Ah, "it's only democracy if you vote my way" argument. We usually call that type of governing something else.

Adding the reminder that these votes and majority rejecting are of unelected bureaucrats, so the way that it was framed was approved from above while making practically impossible to reject but still theoretically possible so people are forced to swallow it.

Soviet Union 2.0

  • The members of parliament are elected every 5 years by the citizens of the european union. What do you mean with unelected bureaucrats?

    • You're right, I meant the Commissioners which are the ones essentially designing how to legislate, which is the traditional name for "engineer society behavior"

Can it be undone? One of the key aspects of any society is that it can in fact change law/policy/leaders/etc without war/rebels. yes harm happens when bad crap gets in but if the system still supports change, it is working.

For all the bad in trump era like roe vs wade among many others. The same mechanism are what allowed roe vs wade to exist. A double edge sword but better than alternative variants of totalitarian multi decade long regimes.

  • This has an expiration date baked in for 2028 so if no new legislation comes in until then, it will undo itself on its own.

Wow does it become law if the majority of those present opposed it? The American Congress might be utterly dysfunctional, but we’ve never had a law pass despite the majority of members voting against it. What am I missing?

  • > What am I missing?

    Nothing really.

    Some will disagree with this, but this is neither new or surprising behaviour from the EU. In the EU if the political class want something, it doesn't really matter what the public want or vote for.
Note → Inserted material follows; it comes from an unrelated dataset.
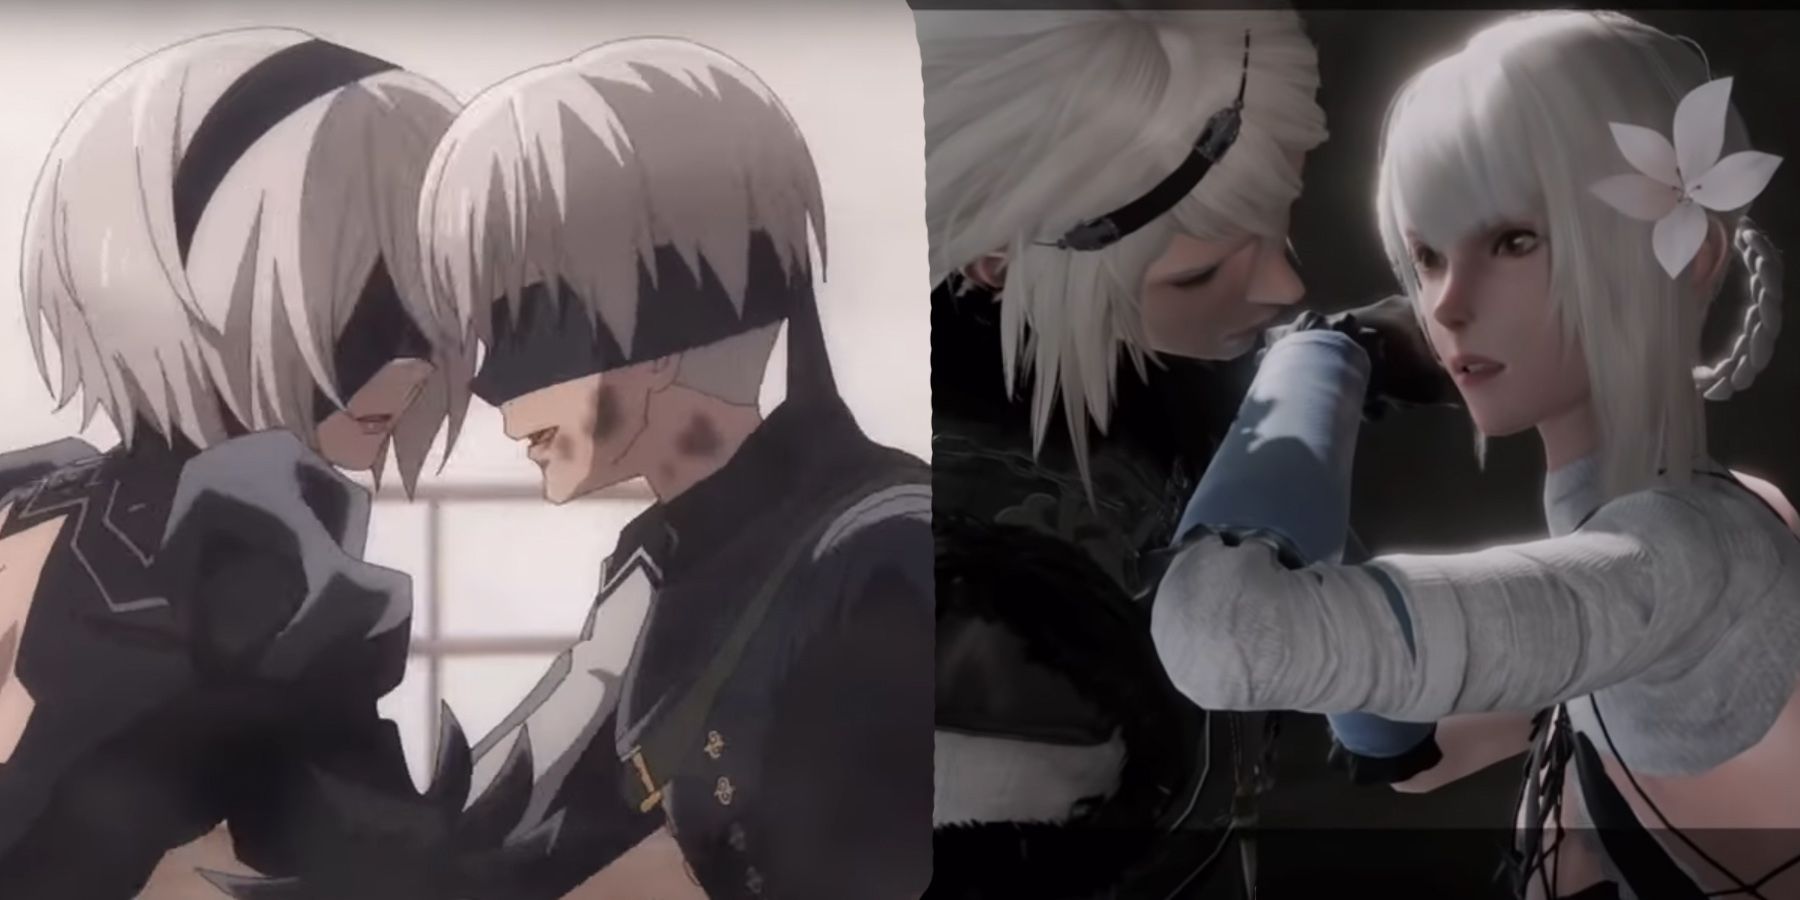 2B and 9S NieR and Kaine

    In the US a lot of your dysfunction is from the fact that your political system actually "works". You maniacs actually can vote for someone like Trump (twice), and he can do stuff regardless of how unpopular he is among the political class.

    Here in Europe things like democracy and freedom of speech are only permitted if our political class approves. We can decide things like tax rates, but some things we're not allowed to express opinions on, and some things we have no power to vote for or against.

    With some exceptions most European democracies work like this and EU is really the gold standard of this system. They have lots of ways to do what they want regardless of how popular it is, and regardless of what the opinions of our elected representatives are.

    • Who is the "political class" of the EU?

      In the US, it seems more obvious how corporate money pulls the political strings, but my impression is that corporate influence is a lot weaker in Europe..

      2 replies →

[flagged]

  • We're currently running a long-term offshore experiment to see if 2A has any measurable impact on dragnet surveillance and the NSA.

    • There are plenty of things to complain about here, and that is one of them. But that authorization was passed by our elected representatives by a super majority and reauthorized by them multiple times. It was not done by a sneaky maneuver where the majority of congress voted against it but somehow it still became law.